Events of Default. The Amended Credit Facility Agreement contains events of default including, but not limited to, nonpayment of principal or interest, violation of covenants, breaches of representations and warranties, cross-default to other debt, bankruptcy and other insolvency events, material judgments, certain ERISA events, actual or asserted invalidity of loan documentation, certain changes of control of Enpro Inc. and the invalidity of subordination provisions of subordinated indebtedness.
Availability and Compliance. The borrowing availability under our Revolving Credit Facility at March 31, 2026 was $630.6 million after giving consideration to $9.4 million of outstanding letters of credit and $160.0 million of outstanding borrowings. We were in compliance with all covenants of the Amended Credit Facility Agreement as of March 31, 2026.
Senior Notes. On May 29, 2025, we completed the offering of $450 million in aggregate principal amount of 6.125% Senior Notes due 2033 (the “Senior Notes”). The Senior Notes were issued to investors at 100% of the principal amount thereof. The Senior Notes are unsecured, unsubordinated obligations of Enpro Inc. and mature on June 1, 2033. Interest on the Senior Notes accrues at a rate of 6.125% per annum and is payable semi-annually in cash in arrears on June 1 and December 1 of each year, commencing December 1, 2025. The Senior Notes are required to be guaranteed on a senior unsecured basis by each of Enpro’s existing and future direct and indirect domestic subsidiaries that is a borrower under, or guarantees, our indebtedness under the Revolving Credit Facility or guarantees any other Capital Markets Indebtedness (as defined in the indenture governing the Senior Notes) of Enpro or any of the guarantors above a specified threshold. We may, on any one or more occasions, redeem all or a part of the Senior Notes at specified redemption prices plus accrued and unpaid interest.
The indenture governing the Senior Notes includes covenants that restrict our ability, subject to specified exceptions and qualifications set forth in the indenture, to incur liens on assets, engage in certain asset sales, including sale and leaseback transactions, and merge, consolidate, transfer or dispose of all or substantially all assets. The indenture further requires us to offer to repurchase the Senior Notes at a price equal to 100.0% of the principal amount thereof plus accrued and unpaid interest, in the event that the net cash proceeds of certain asset sales are not reinvested in acquisitions, capital expenditures, or used to repay or otherwise reduce specified indebtedness within a specified period, to the extent the remaining net proceeds exceed a specified amount.

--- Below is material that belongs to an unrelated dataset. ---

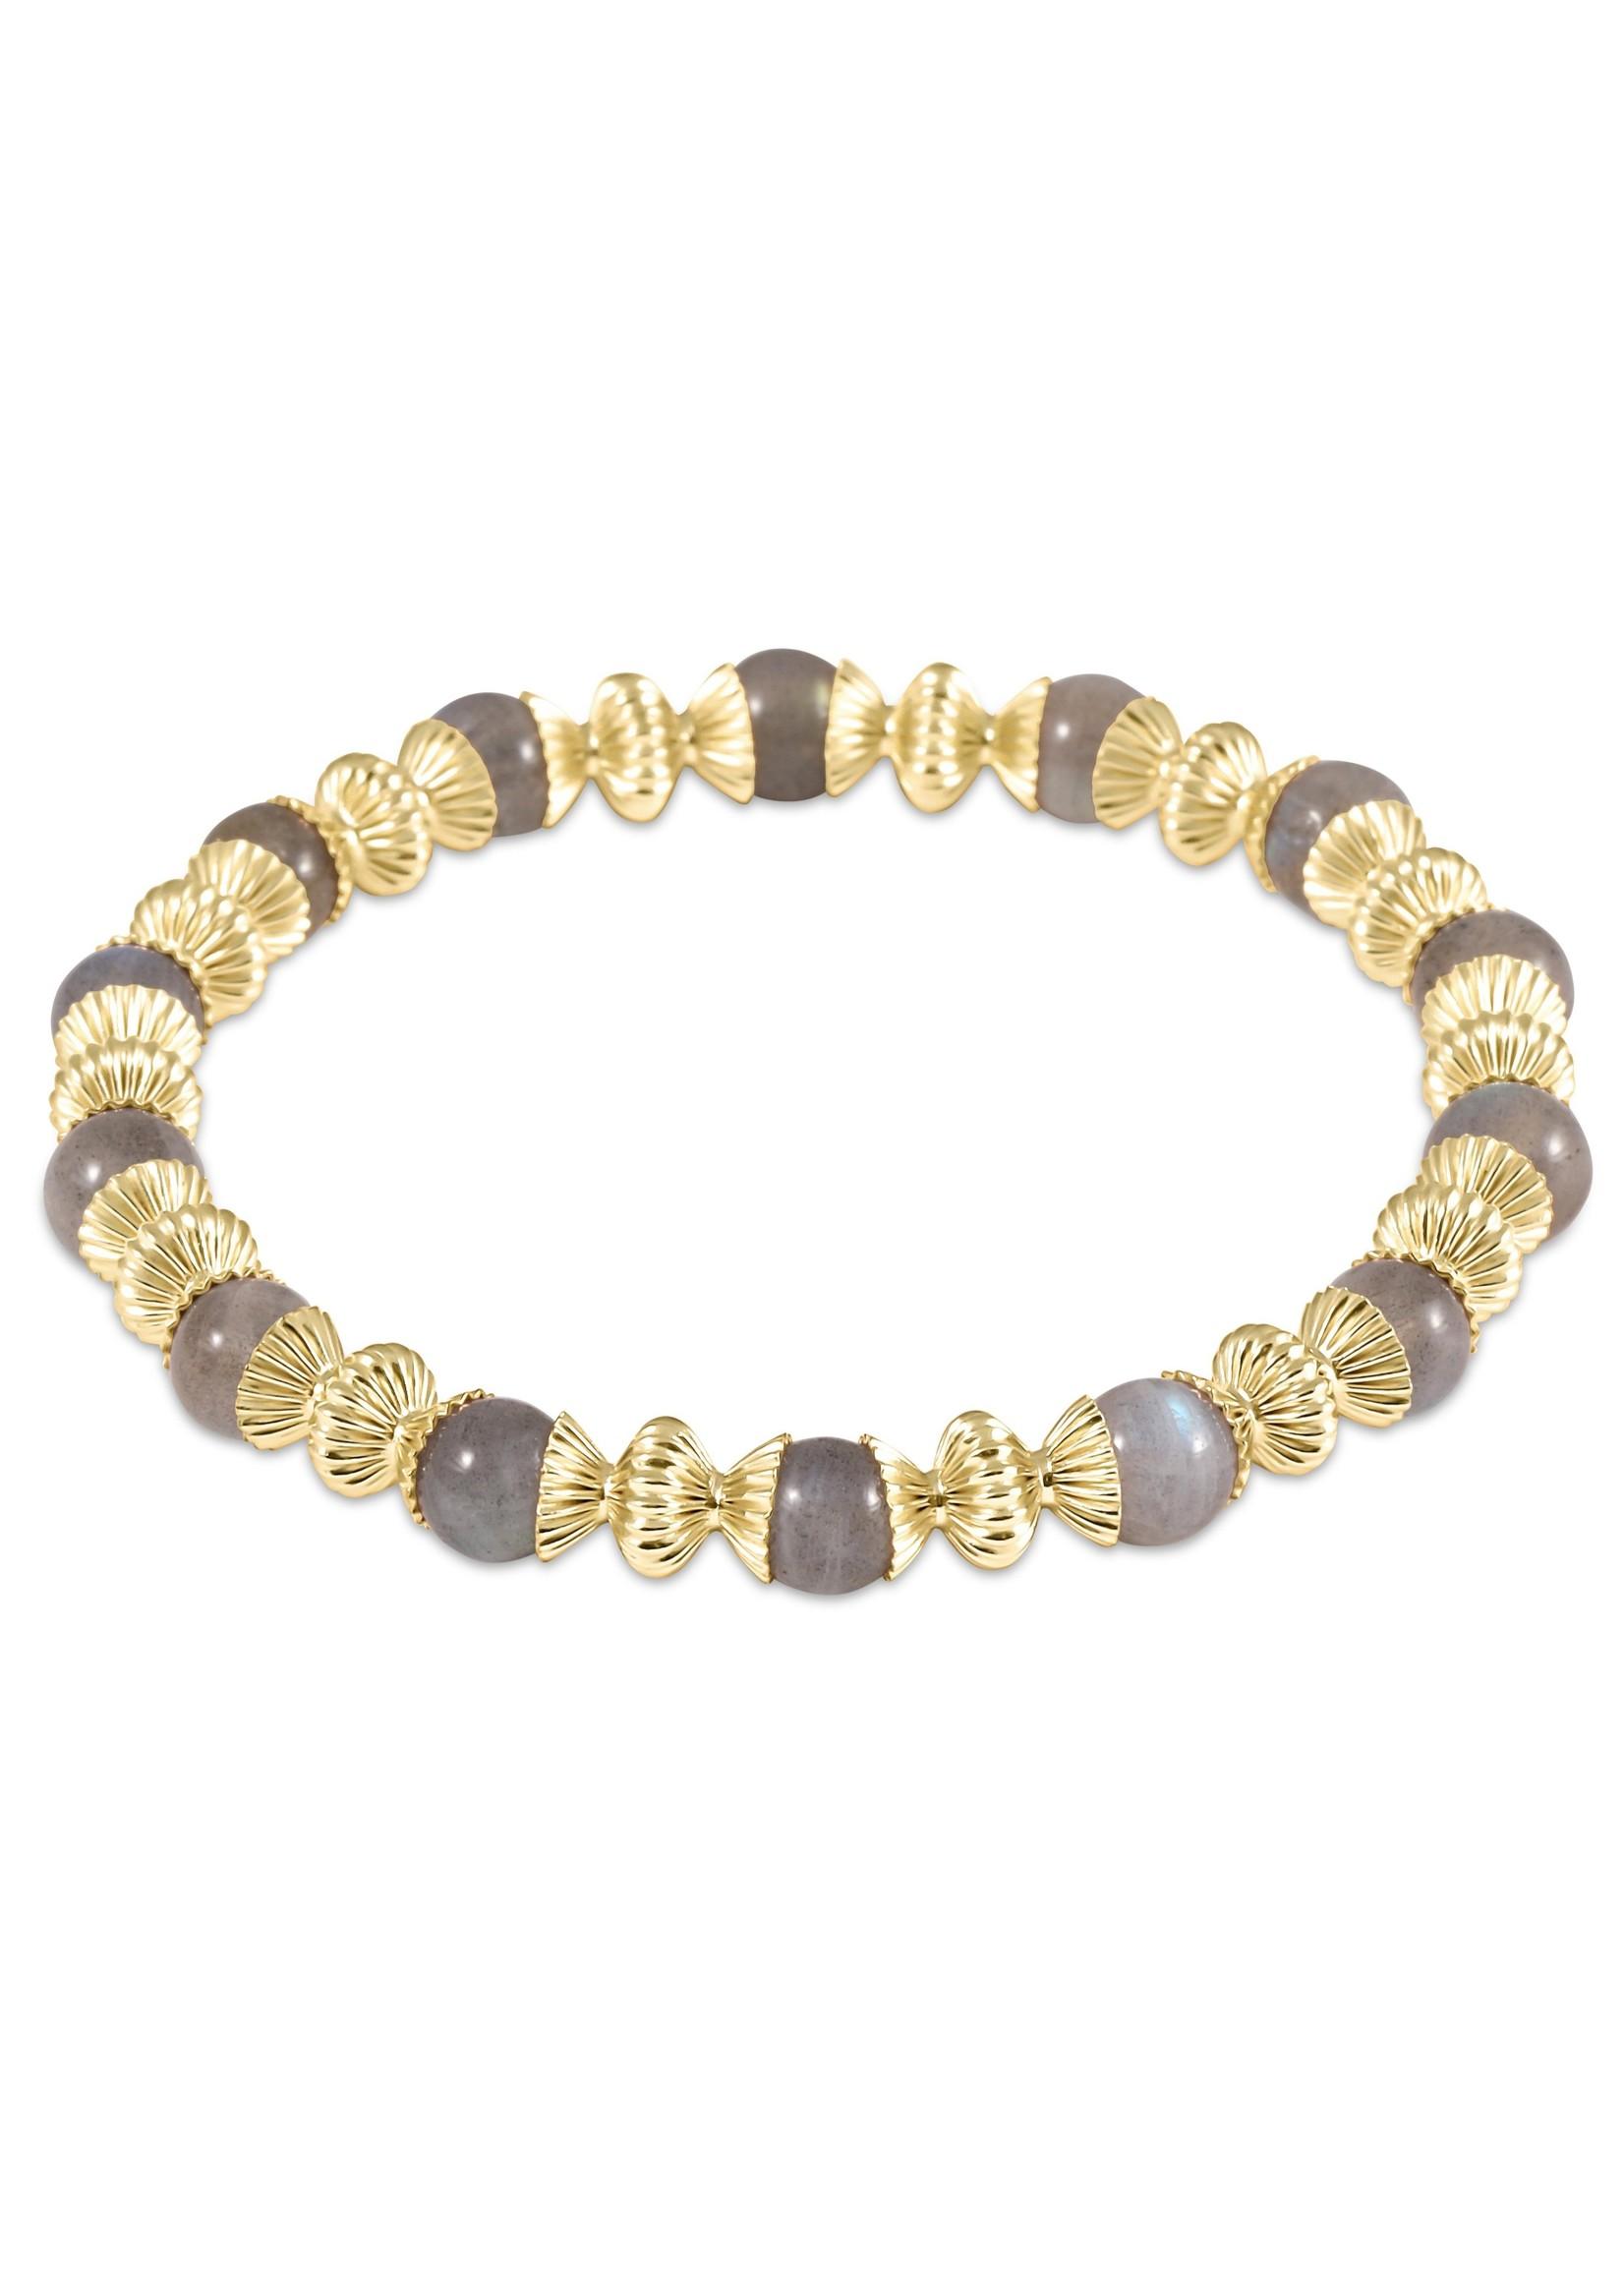 enewton Loyalty Gold 6mm Bead Bracelet - Labradorite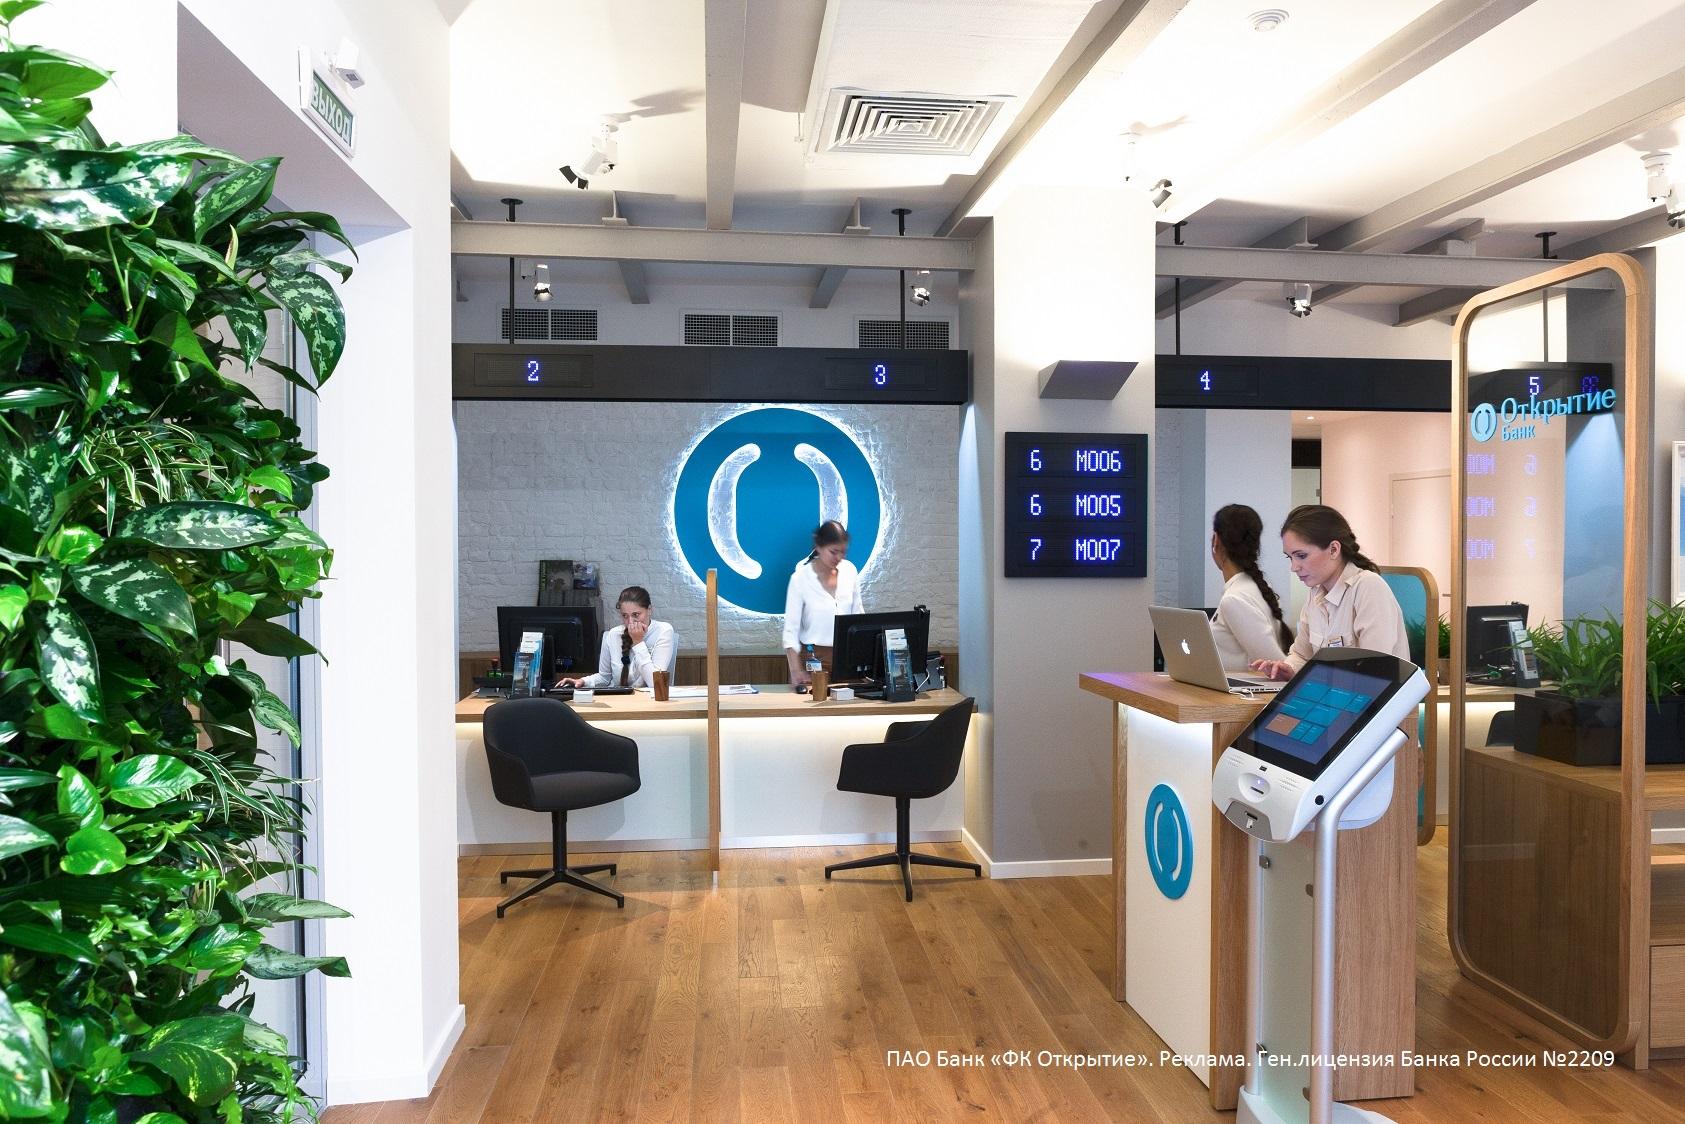 Банк «Открытие» выставил на продажу здание экс-Бинбанка в Екатеринбурге

Each holder of the Senior Notes may require us to repurchase some or all of the Senior Notes held by such holder for cash upon the occurrence of a defined “change of control” event. Our ability to redeem the Senior Notes prior to maturity is subject to certain conditions, including in certain cases the payment of make-whole amounts.
We applied a portion of the net proceeds from the sale of the Senior Notes to fund the redemption on June 12, 2025 of all of our outstanding 5.75% Senior Notes due 2026 (having an aggregate principal amount of $350 million) at a redemption price equal to 100% of the aggregate principal amount thereof, plus accrued but unpaid interest to, but not including, the redemption date.
At March 31, 2026, we were in compliance with all of the covenants of the indenture governing the Senior Notes.
Enpro’s board of directors approved a two-year share repurchase authorization in October 2024, replacing the previous $50.0 million authorization that expired in October 2024. No shares have been purchased under the prior or current repurchase authorization. Under the replacement authorization, which, other than the expiration date, is identical to the prior authorization, the Company may repurchase up to $50.0 million of shares in both open market and privately negotiated transactions. The Company’s management is authorized to determine the timing and amount of any such repurchases based on its evaluation of market conditions, capital alternatives, and other factors. Repurchases may also be made under Rule 10b5-1 plans, which could result in the repurchase of shares during periods when the Company otherwise would be precluded from doing so under insider trading laws.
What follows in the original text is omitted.